FileBeat Gsuite module deprecated?

ido · February 2, 2021, 7:50am

TL;DR - gsuite module does not send logs although it seems that I've done everything right (more details in the post). I looked at the source code and there was a comment saying "Gsuite module is deprecated... use Google Workspace module instead."
does this mean that it is currently broken until google workspace will replace it?

I wanted to check the possibility of using the gsuite module, so I installed filebeat, elastic search, kibana and logstash (to save logs in s3).
When I ran filebeat over local logs everything worked fine, and logs got save to my configured s3.
Then I tried to configure the gsuite module, and although everything seemed fine (filebeat logs showed that all of the 6 inputs from the module were successfully loaded), no logs came out.
I did a lot of digging, and then I found the note about gsuite being deprecated in the module code.
Does this mean that the module is not currently working?
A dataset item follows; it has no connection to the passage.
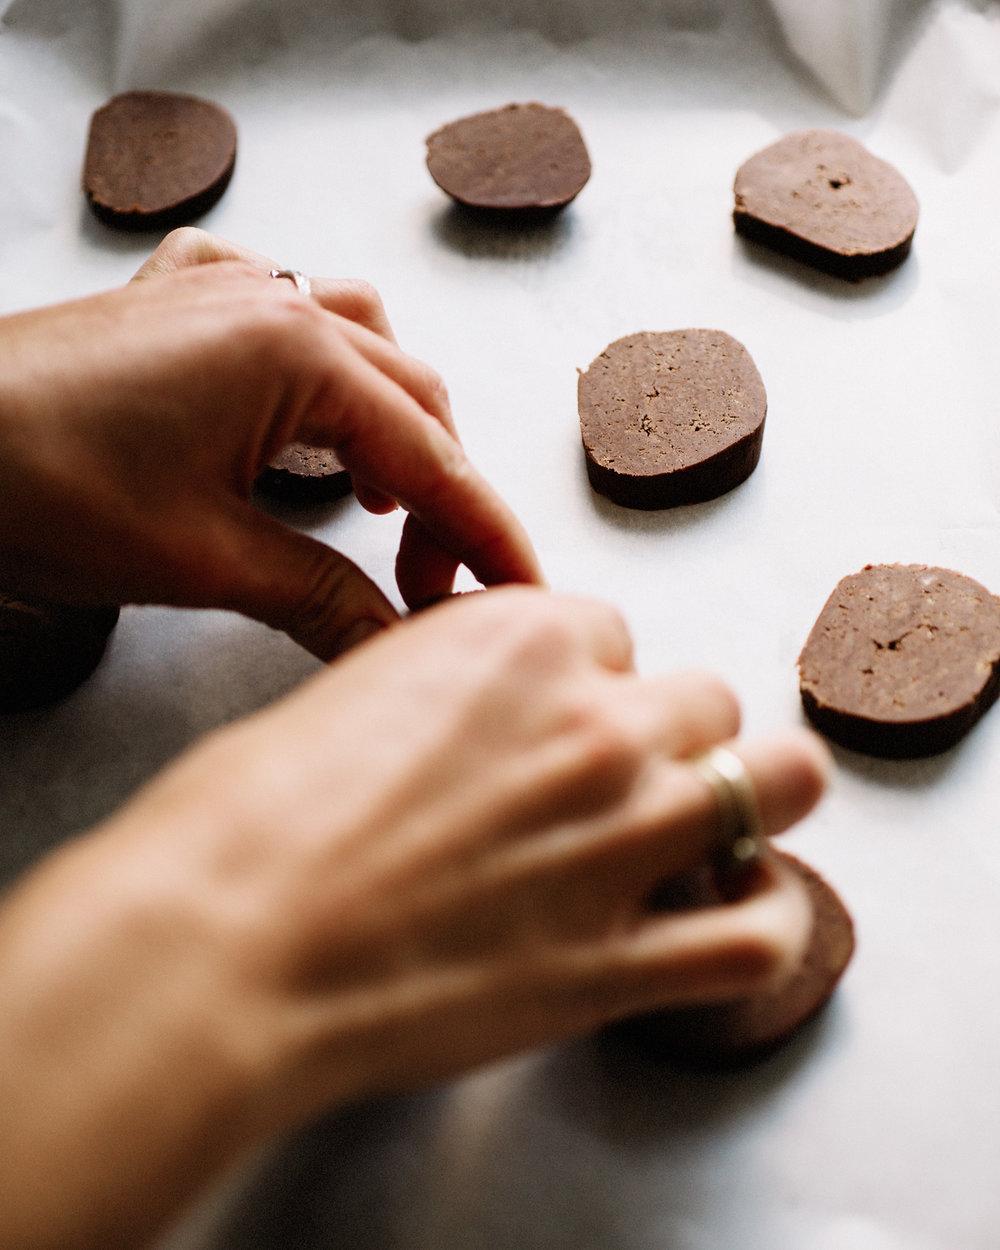 chocoloate_peppermint_cookies_02.jpg

I ran filebeat using "filebeat -e -d "*" ", and no errors regarding the module were printed.

I'm attaching my module config just in case (and the email is the super admin email)

gist.github.com

https://gist.github.com/ido-hunters/6eb7c6ce94585d67fd491320d1899bc1

gistfile1.txt

filebeat.modules:
- module: google_workspace
  saml:
    enabled: true
    var.jwt_file: /path/to/gsuite.json
    var.delegated_account: super-admin@company.com
  user_accounts:
    enabled: true
    var.jwt_file: /path/to/gsuite.json
    var.delegated_account: super-admin@company.com

This file has been truncated. show original

Thanks!

marc.guasch · February 2, 2021, 10:47am

Hello! Which filebeat version are you running? I see your config is referencing google_workspace module instead of gsuite, which is not included in 7.10 which is our latest release.
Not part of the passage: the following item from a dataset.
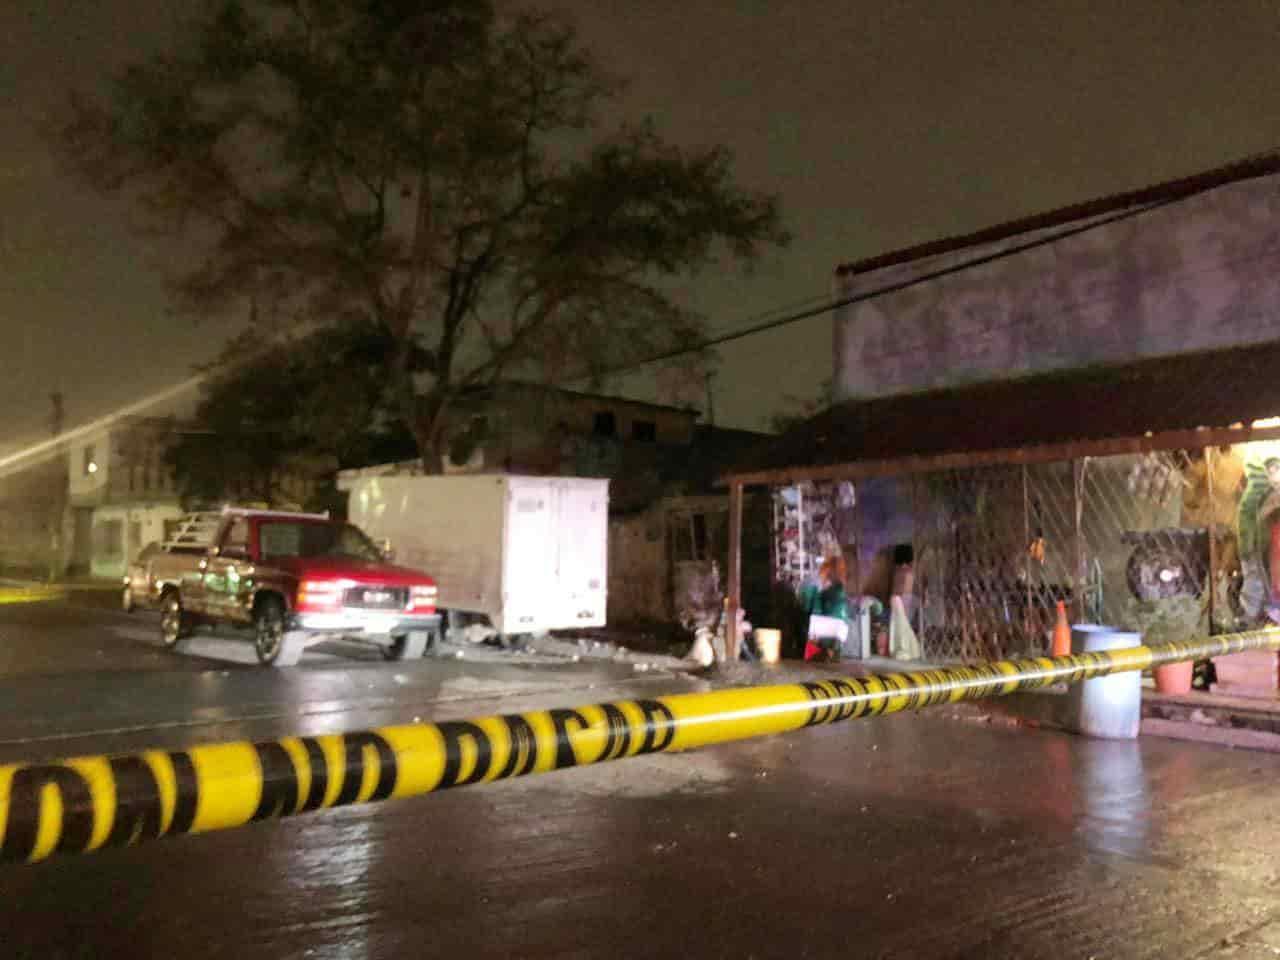 Las víctimas resultaron con heridas por arma de fuego, uno de ellos en la cabeza

Also, if you could include the output of the logs, that would help us to get a bit more information.

In the meantime, you can manually try an API call to see if there are events to report:

Access OAuth 2.0 Playground
Log in with the account used in delegated_account
In step 1 fill in the scope https://www.googleapis.com/auth/admin.reports.audit.readonly and hit the authorize button
In step 2 fill the Authorization code with the one obtained from Step 1
In step 3 fill in the url https://www.googleapis.com/admin/reports/v1/activity/users/all/applications/admin and check what the response is to verify data

You can add startTime parameter set to a date in the last 24h which is the default initial value used by the module.
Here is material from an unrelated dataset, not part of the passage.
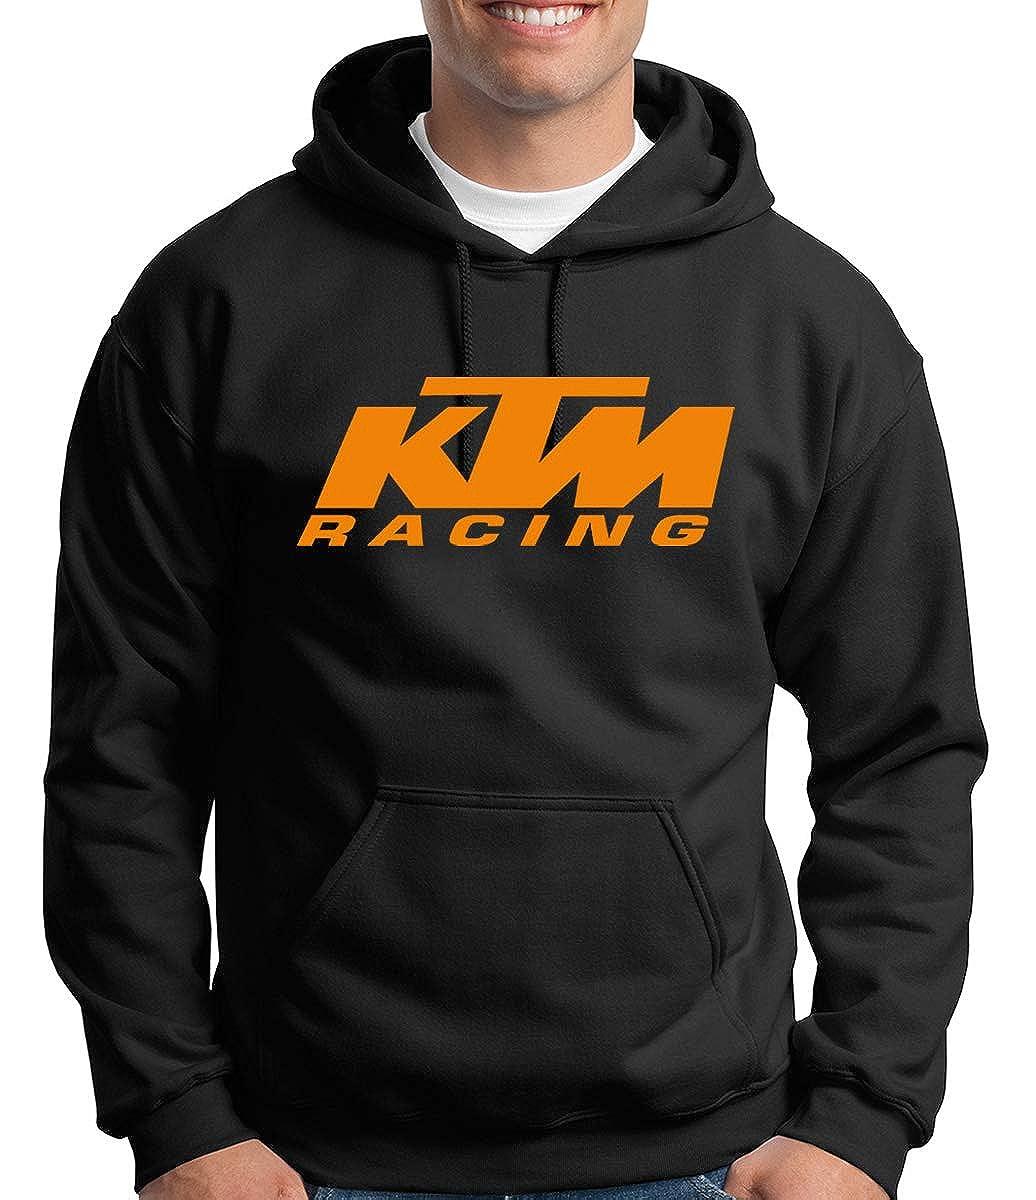 Unisex Hoodie customSwagg KTM Racing Oragne Print Black Hoodie

Are you able to get any records back?

ido · February 2, 2021, 2:04pm

Hey, thanks for the reply!

I'm using filebeat 7.10.2.
I accidentally attached the config I tried in order to make use of google_workspace (because I've seen it in the repo), but what I described above was relevant to the gsuite module.
(when trying to run this with the google_workspace filebeat ofc doesn't recognise the module)

These are the logs I get when running the gsuite module, using this command:

filebeat -e -d "*" --modules gsuite &> ~/tmp/filebeat_logs.txt

I tried the playground, and it does return me records (a json with a list of items)
Also, when I tried to run the module I logged in into google drive and the admin workspace just to be sure there was activity, but nothing was received in filebeat.

system · March 2, 2021, 4:05pm

This topic was automatically closed 28 days after the last reply. New replies are no longer allowed.